Didn’t really feel like getting up out of bed to make fire this morning, but the resistance we feel is what a meditative practice is designed to work through, and showing up on those days is when we are doing the “practice.”
I’m half way through a writing workshop, and its giving me plenty of inspiration, but I haven’t started editing my first draft yet.
My emotions are flowing, as if a cycle is coming, but the womb is incubating stories, and making fire feels part of the creative process. Watching the flames helps to shift something within me, and it doesn’t take long for the energy to move me from the couch.
I like this image of the comfort zone by Tom Senninger because it’s a great visual of the process. We ALL feel comfortable sitting on our arse at home, especially in a conflicting world, but “All growth starts at the end of your comfort zone” (Tony Robbins)
For (9) years I lived out of the comfort zone. Like a gypsy, I moved back and forth between the UK and Australia, drifting in and out of other peoples lives, unsure where I belonged.
I learned so much from those experiences, but shifting from drifting (seeking experiences to learn and grow from) to settling back into the comfort zone, taking root (embracing stillness) was equally challenging because I’m not the same woman I once was.
- Routine felt boring
- Structure felt restrictive
- Staying still felt stifling
- Stability felt stagnant
- Settling felt wrong for me
Ironically, but not surprisingly the comfort zone didn’t feel comfortable anymore, and I was afraid of stepping back into an old version of myself that no longer fit, and I experienced what psychology defines as “a transitional identity crisis.” A realization that helped me to understand my greatest struggles.

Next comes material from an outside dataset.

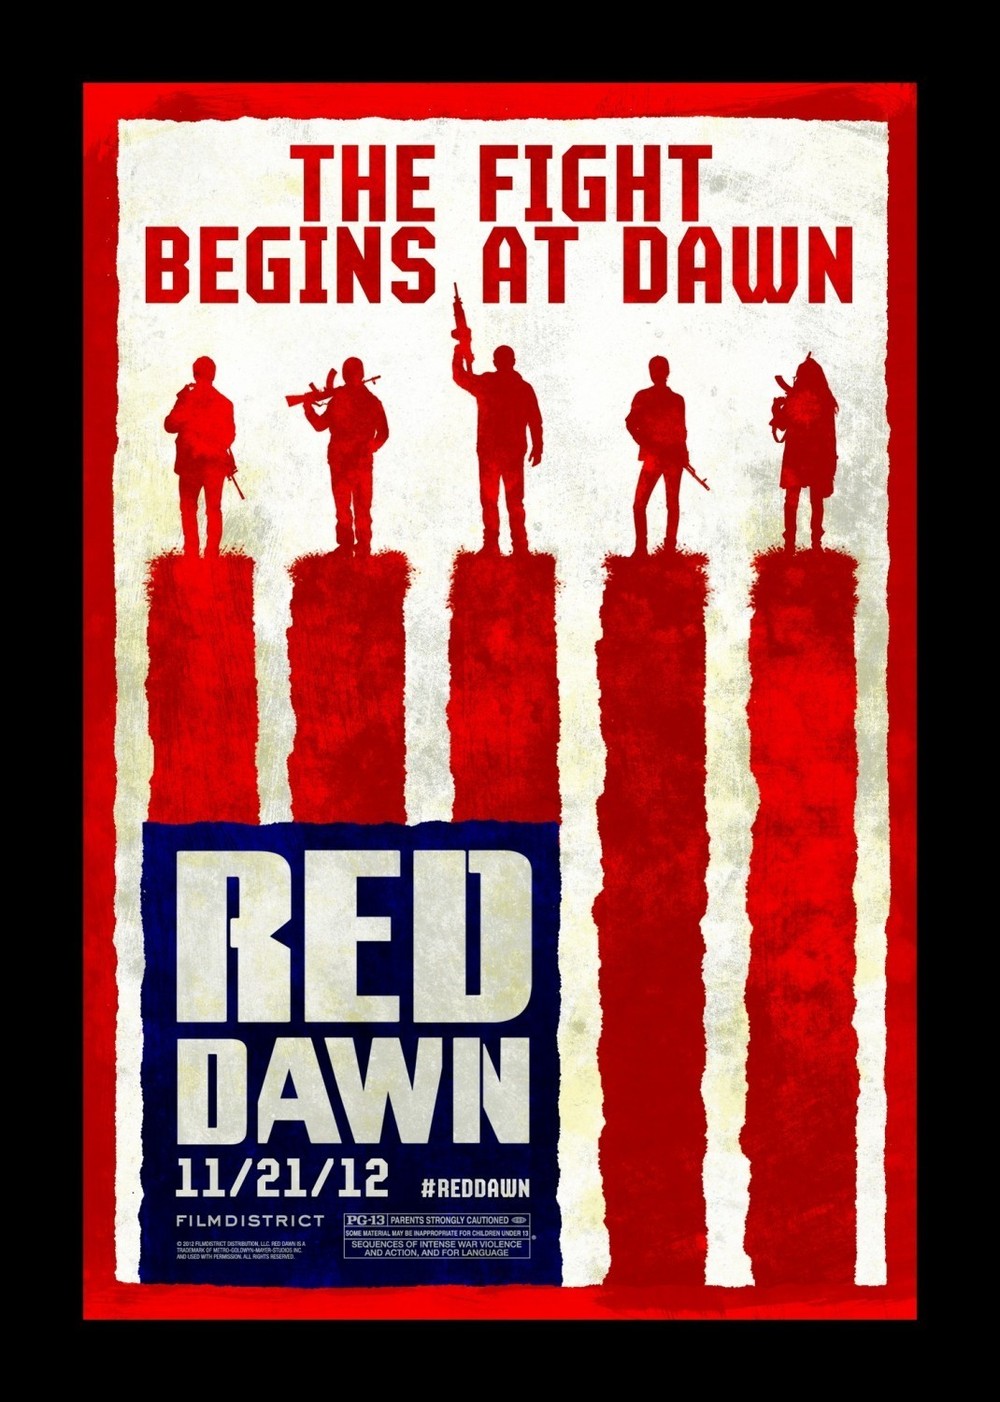 Red Dawn DVD Release Date | Redbox, Netflix, iTunes, Amazon

During those (9) years out of the comfort zone I experienced detachment from those I love most, I lost my parents, and a soul sister to cancer. I fell in love with men who couldn’t fully meet me, and I let them all go, but I never lost love.
Grief and loss challenged me to be in a constant state of transition, and it’s taken time to feel the benefits of my personal growth, because healing is an ongoing process, and a daily practice.
What did I learn during those (9) years?
Living out of the comfort zone builds resilience, but adaptation isn’t always a (+) experience. Adjusting our behaviours, thoughts, and emotions in response to new, uncertain, or unfamiliar situations is essential to thrive, but some environments will trigger us to compromise ourselves, and we will learn and grow the most from those inner conflicts.
There’s a story to be told about why I lost my SELF in someone else’s story, and how I began to reclaim the narrative, but it’s taken time to reconnect with MY truth, regain a sense of balance, realign with my personal values, integrate the lessons, rebuild my own life, redesign the comfort zone, and reframe the return into comfort, as deepening my roots.
Feeling more settled has provided me with a safe space to notice with greater clarity – which habits are truly comforting, what hinders my growth, and when I’ve been self destructive.
Perhaps that’s the story my soul wants to write?